India is not the only country to jump on board the ban. Around 100 people died in gruesome accidents and dozens were injured whilst striking high-risk poses in Russia last year, prompting Russian police to launch a campaign urging people to take safer selfies.

The leaflet, issued by the interior ministry of Russia warned: ‘A cool selfie could cost you your life,’ and tips such as ‘a selfie with a weapon kills’.

More people were killed in selfie-related injuries than by shark attacks last year.

After attempting to take a selfie at the Taj Mahal last year, a 66-year-old Japanese tourist died, and his travel companion was injured, after falling down stairs.
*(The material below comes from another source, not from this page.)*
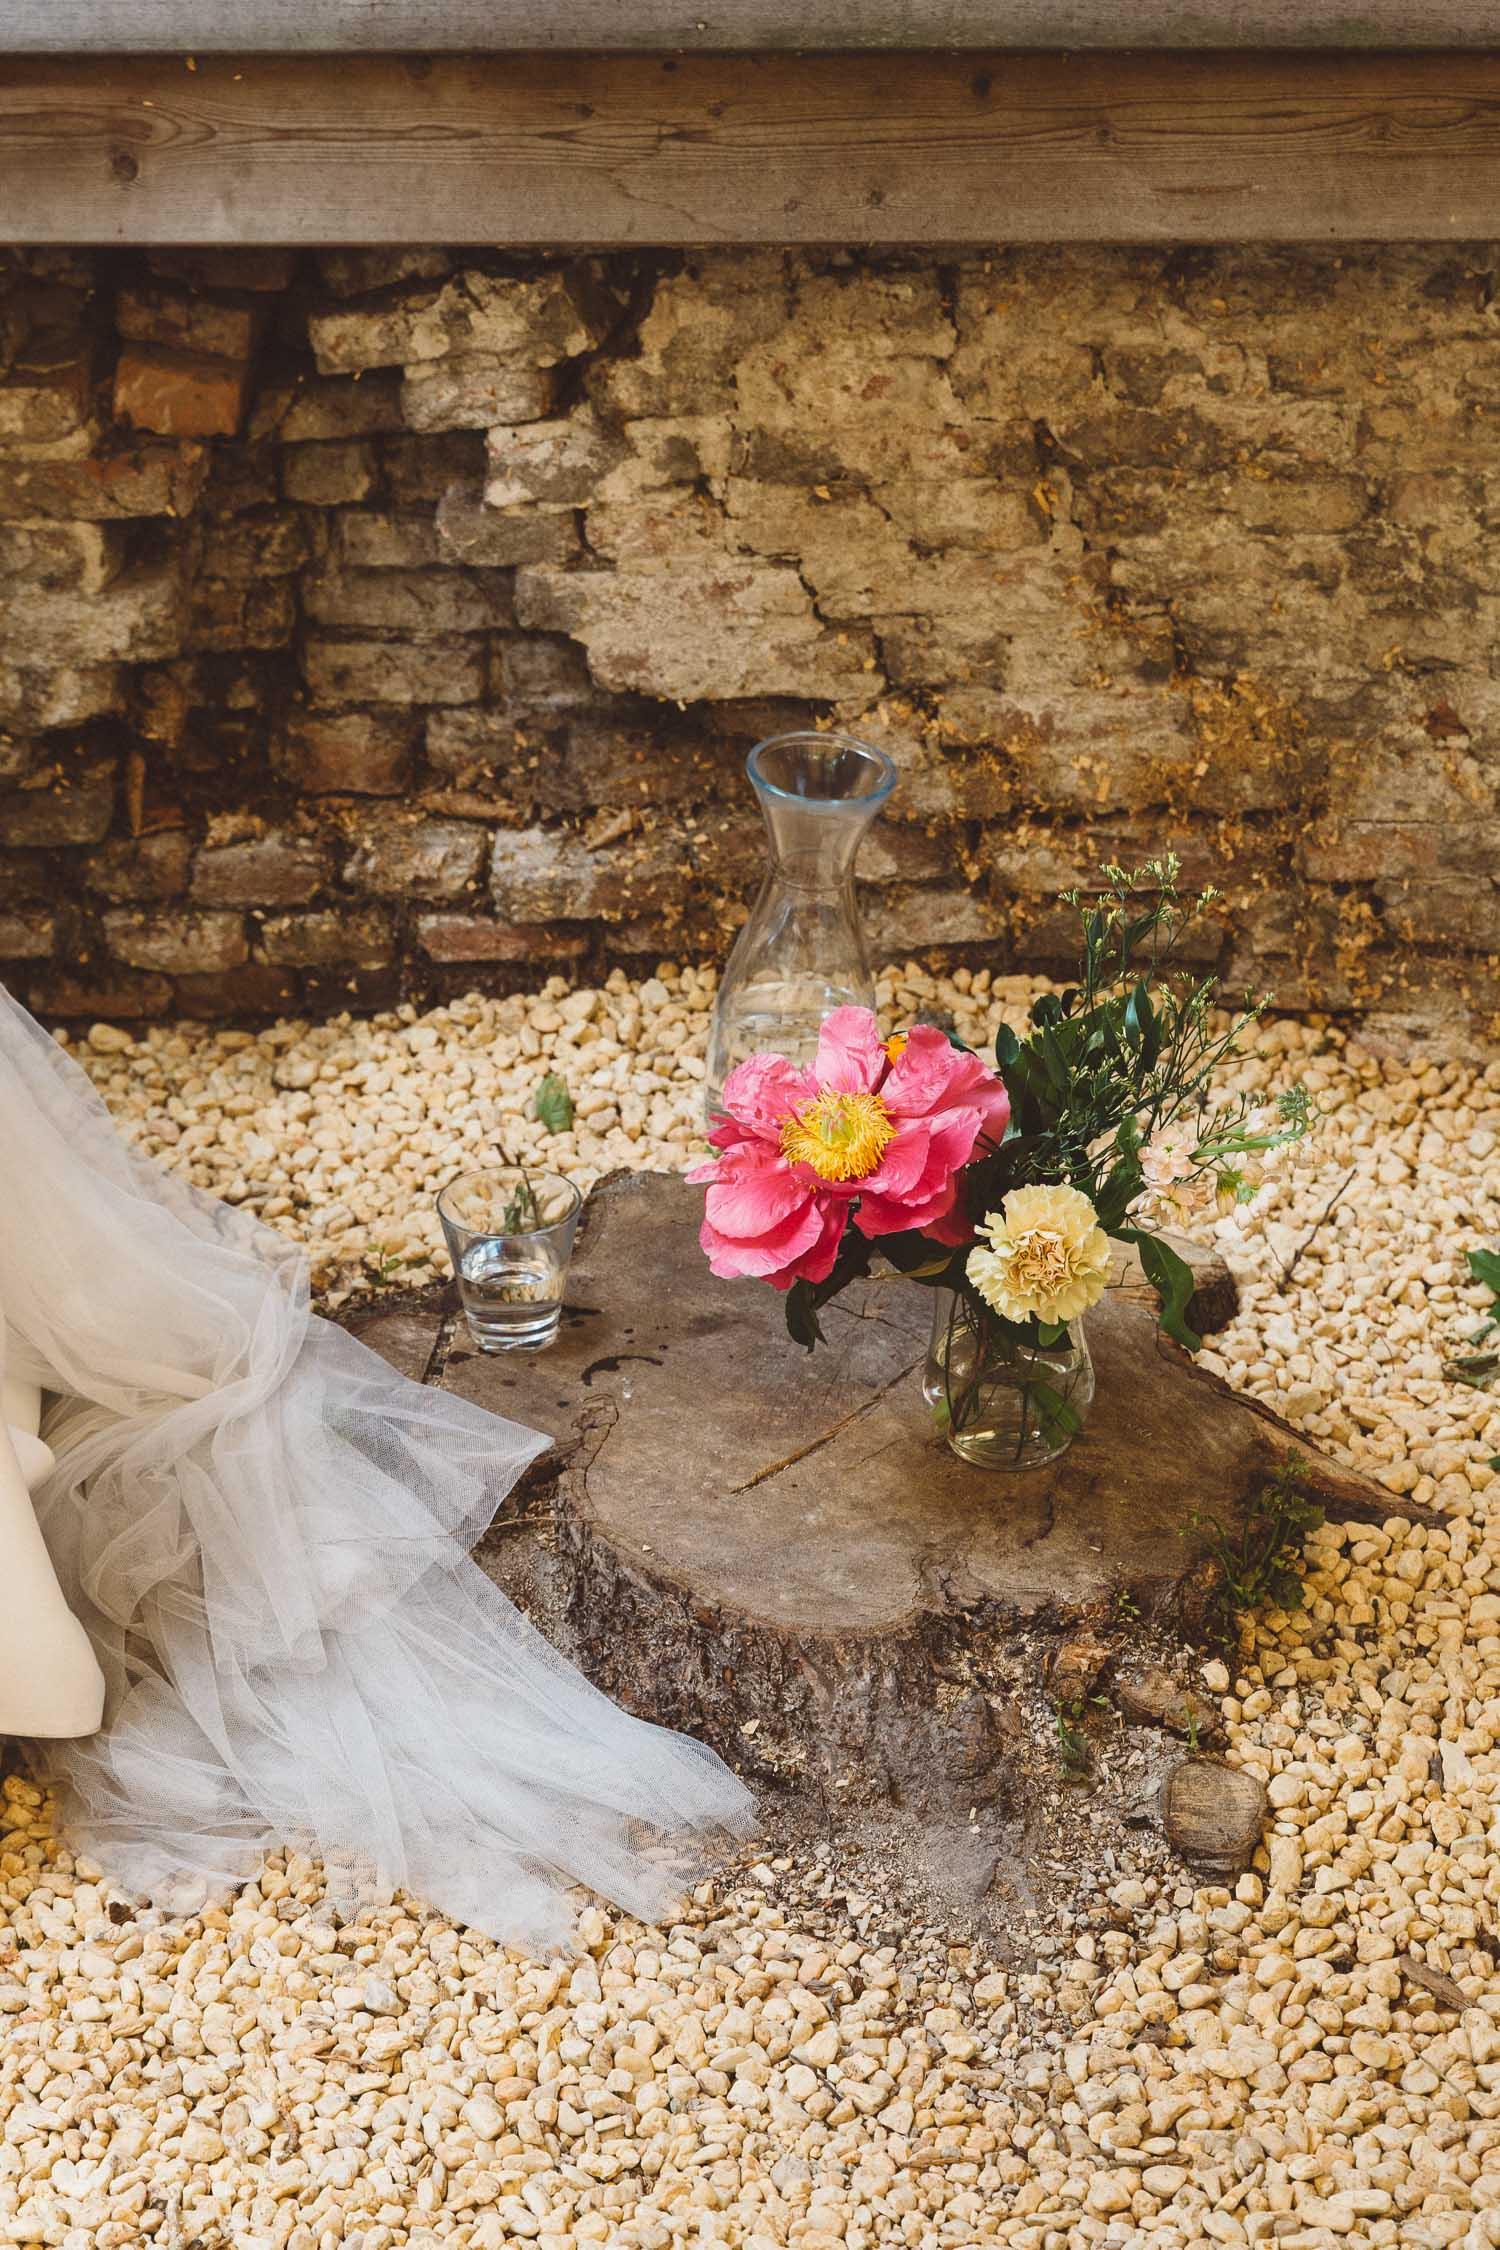 Backyard-wedding-Bruiloft-Annemiek-David-fotografie-photography-On-a-hazy-morning-Amsterdam-The-Netherlands153.jpg

A Russian woman shot herself in the head by accident whilst posing for a selfie with a weapon last May.

In February, US investigators said a pilot caused a small plane to crash, killing both people on board, after he repeatedly took a series of selfie photos on board the aircraft.

Mumbai psychologist Keerti Sachdeva told Al Jazeera that she does not expect the constant pursuit of selfies to end any time soon. She said one probable reason is the need for acceptance and love.

“You know people have this sort of feeling in adolescent age, especially that they need to get this acceptance from everyone, that I am a smart person, I am a good-looking person,” she said.

“So for acceptance and recognition they are indulging in taking of selfies.”